** Opening Given material block **

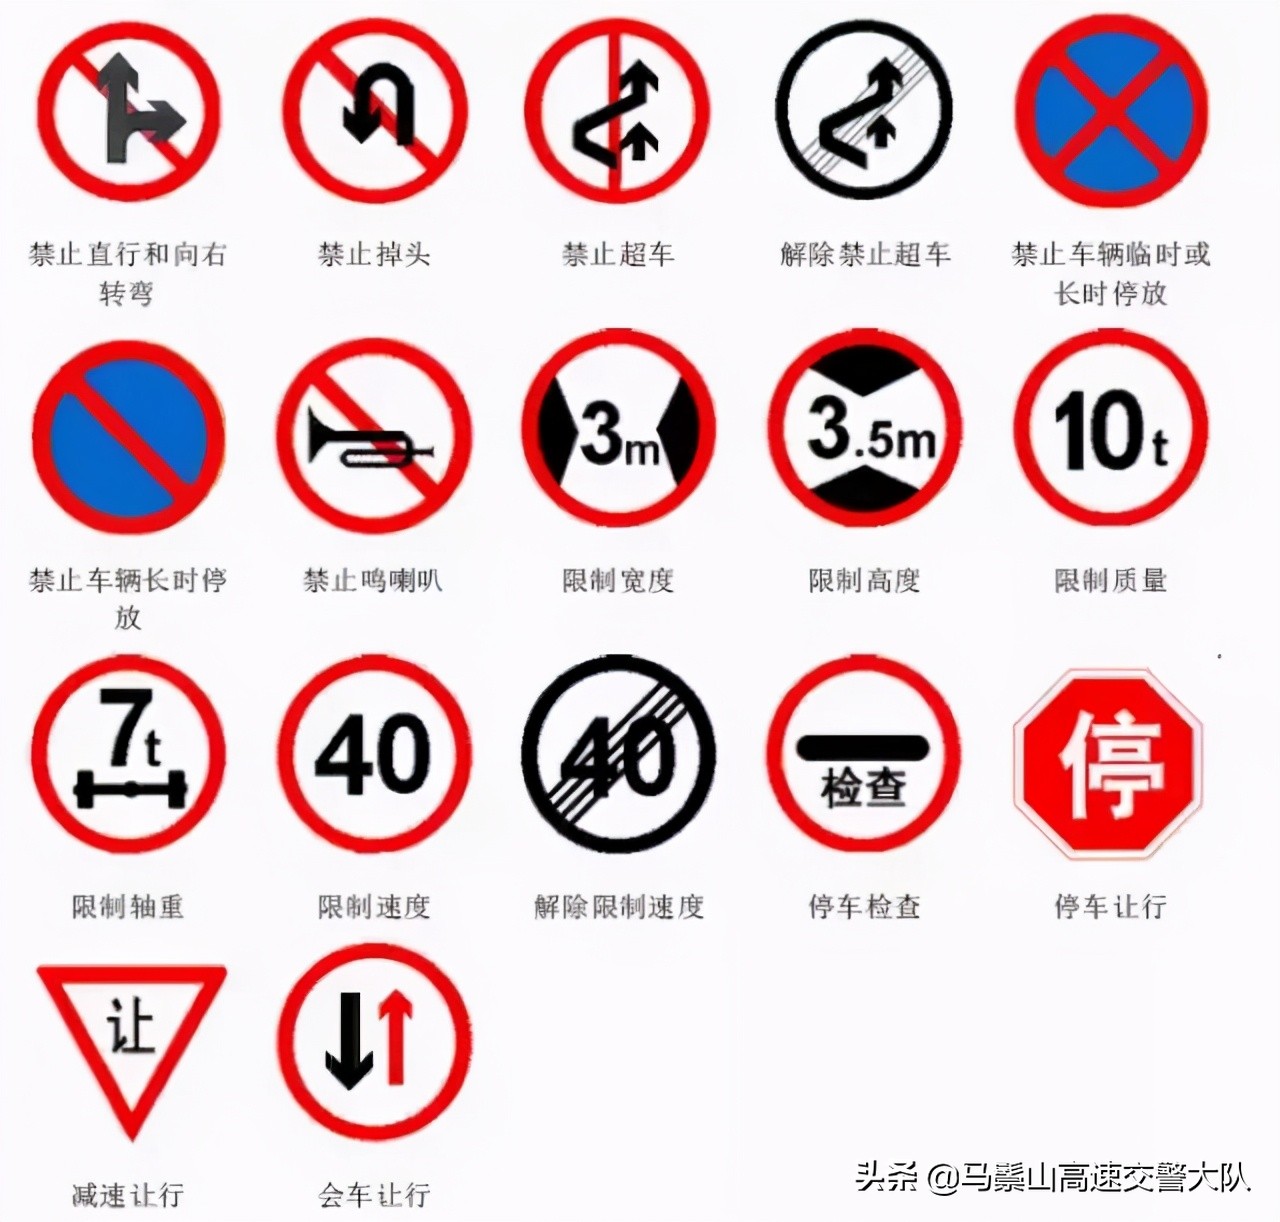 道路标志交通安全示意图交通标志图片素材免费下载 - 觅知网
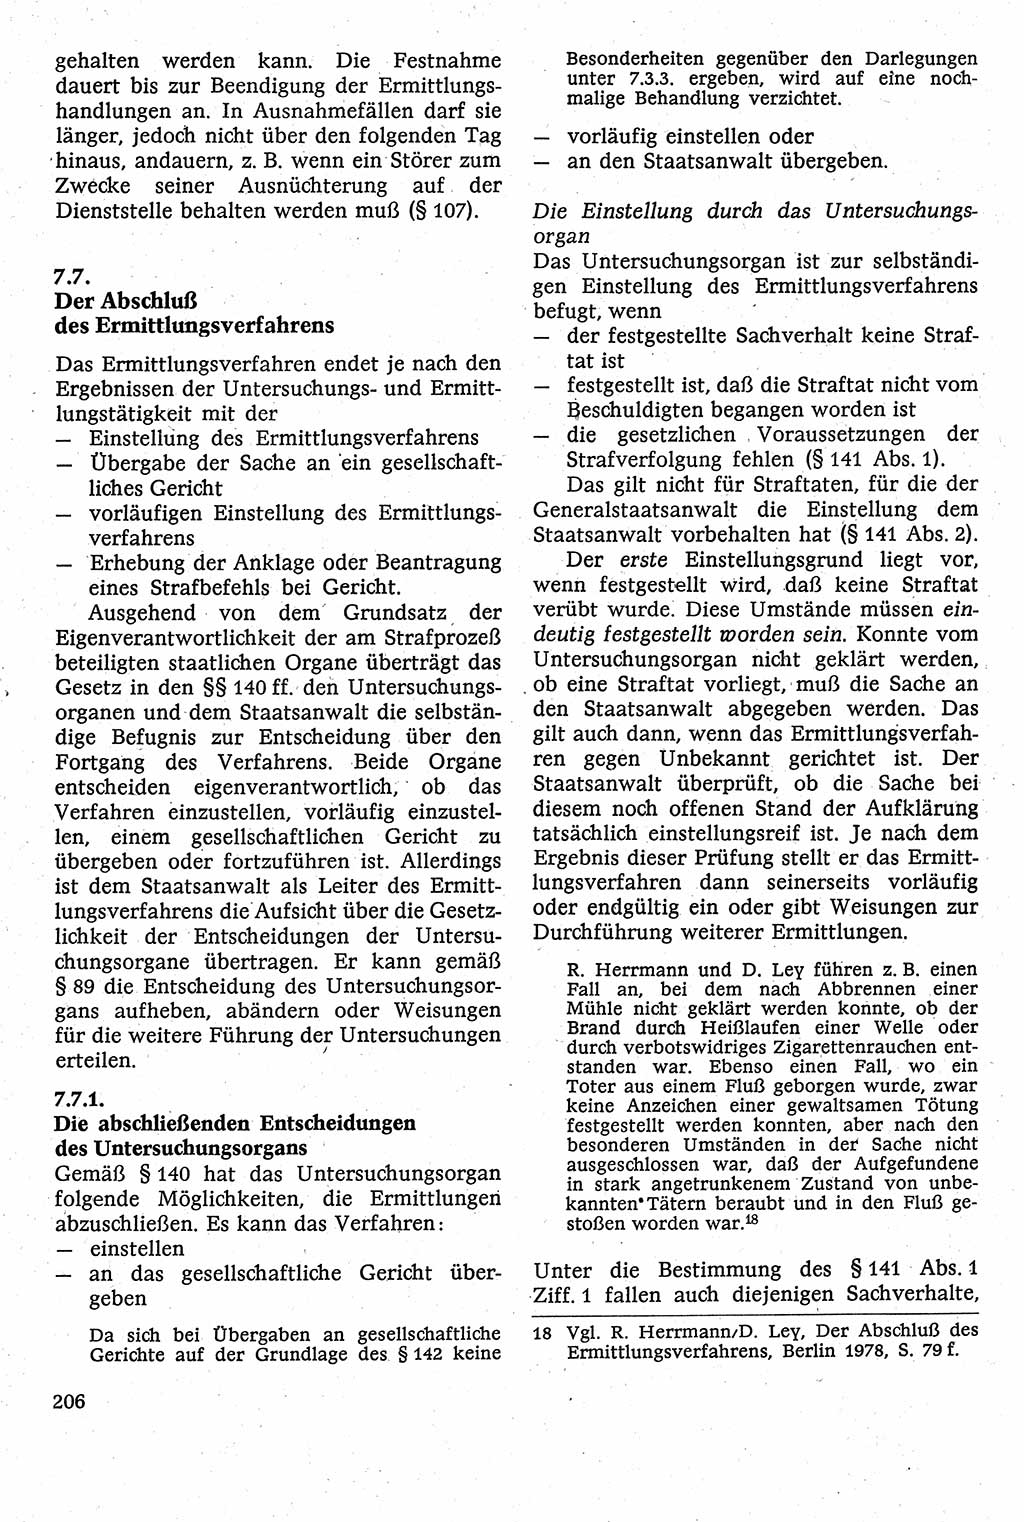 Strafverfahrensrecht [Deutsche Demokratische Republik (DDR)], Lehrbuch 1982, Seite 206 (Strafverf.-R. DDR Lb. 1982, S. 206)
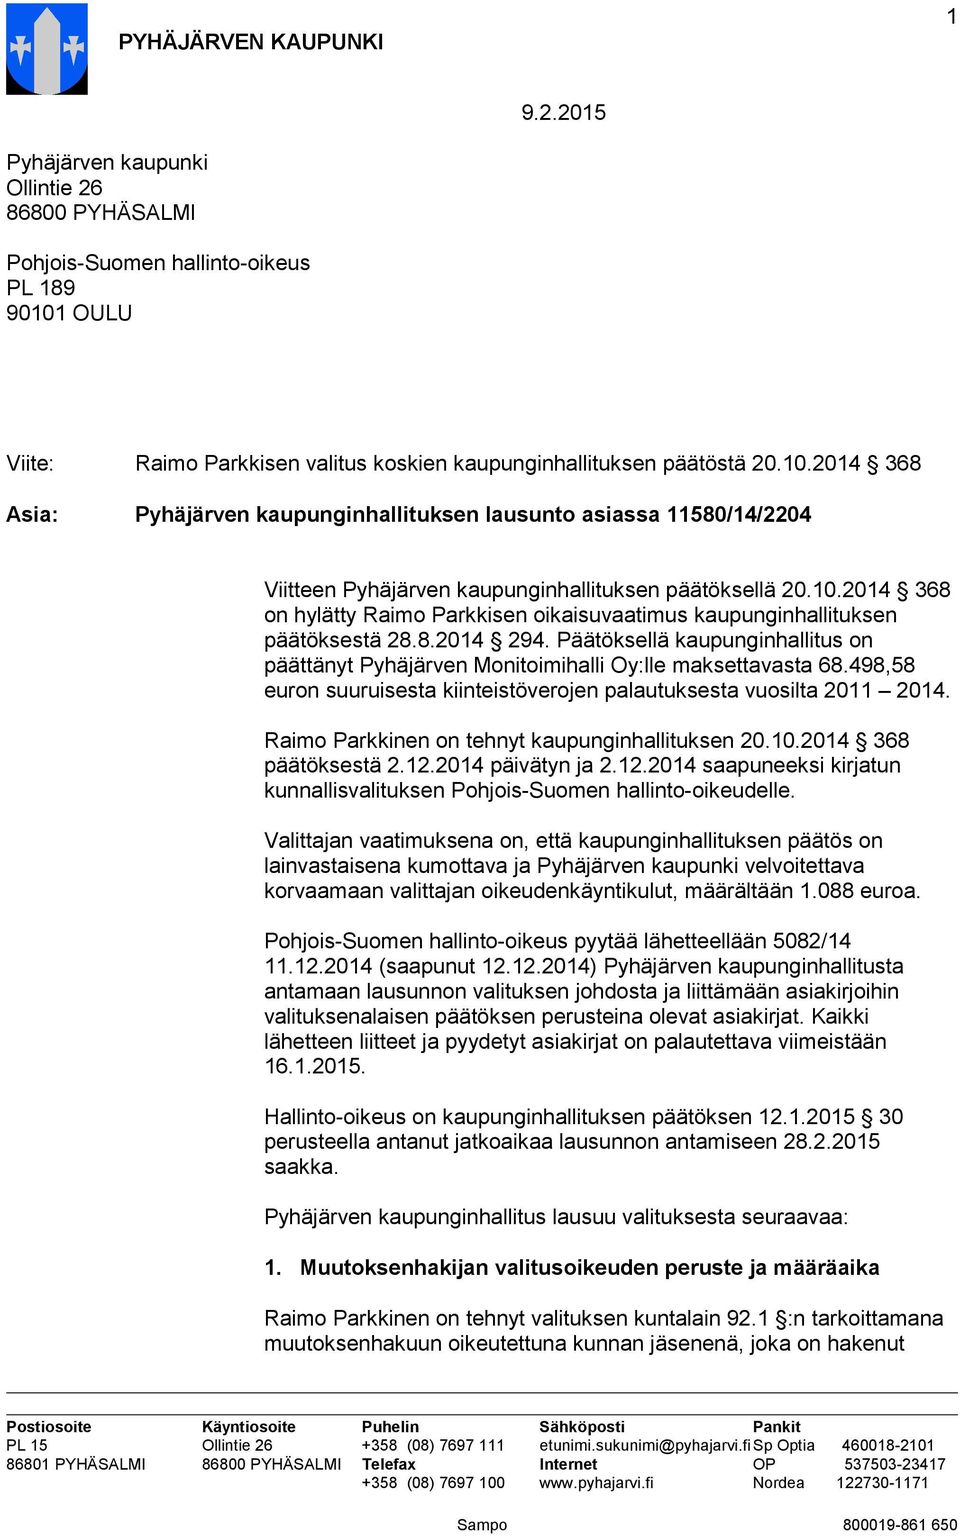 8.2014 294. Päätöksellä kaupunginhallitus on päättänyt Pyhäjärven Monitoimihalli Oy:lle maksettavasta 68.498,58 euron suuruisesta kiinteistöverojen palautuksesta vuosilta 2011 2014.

** Closing Given material block **

Reproduce the whole of the data, word for word, and omit its pictures.

Output for this task:
 道路标志交通安全示意图交通标志图片素材免费下载 - 觅知网
 Strafverfahrensrecht [Deutsche Demokratische Republik (DDR)], Lehrbuch 1982, Seite 206 (Strafverf.-R. DDR Lb. 1982, S. 206)
 8.2014 294. Päätöksellä kaupunginhallitus on päättänyt Pyhäjärven Monitoimihalli Oy:lle maksettavasta 68.498,58 euron suuruisesta kiinteistöverojen palautuksesta vuosilta 2011 2014.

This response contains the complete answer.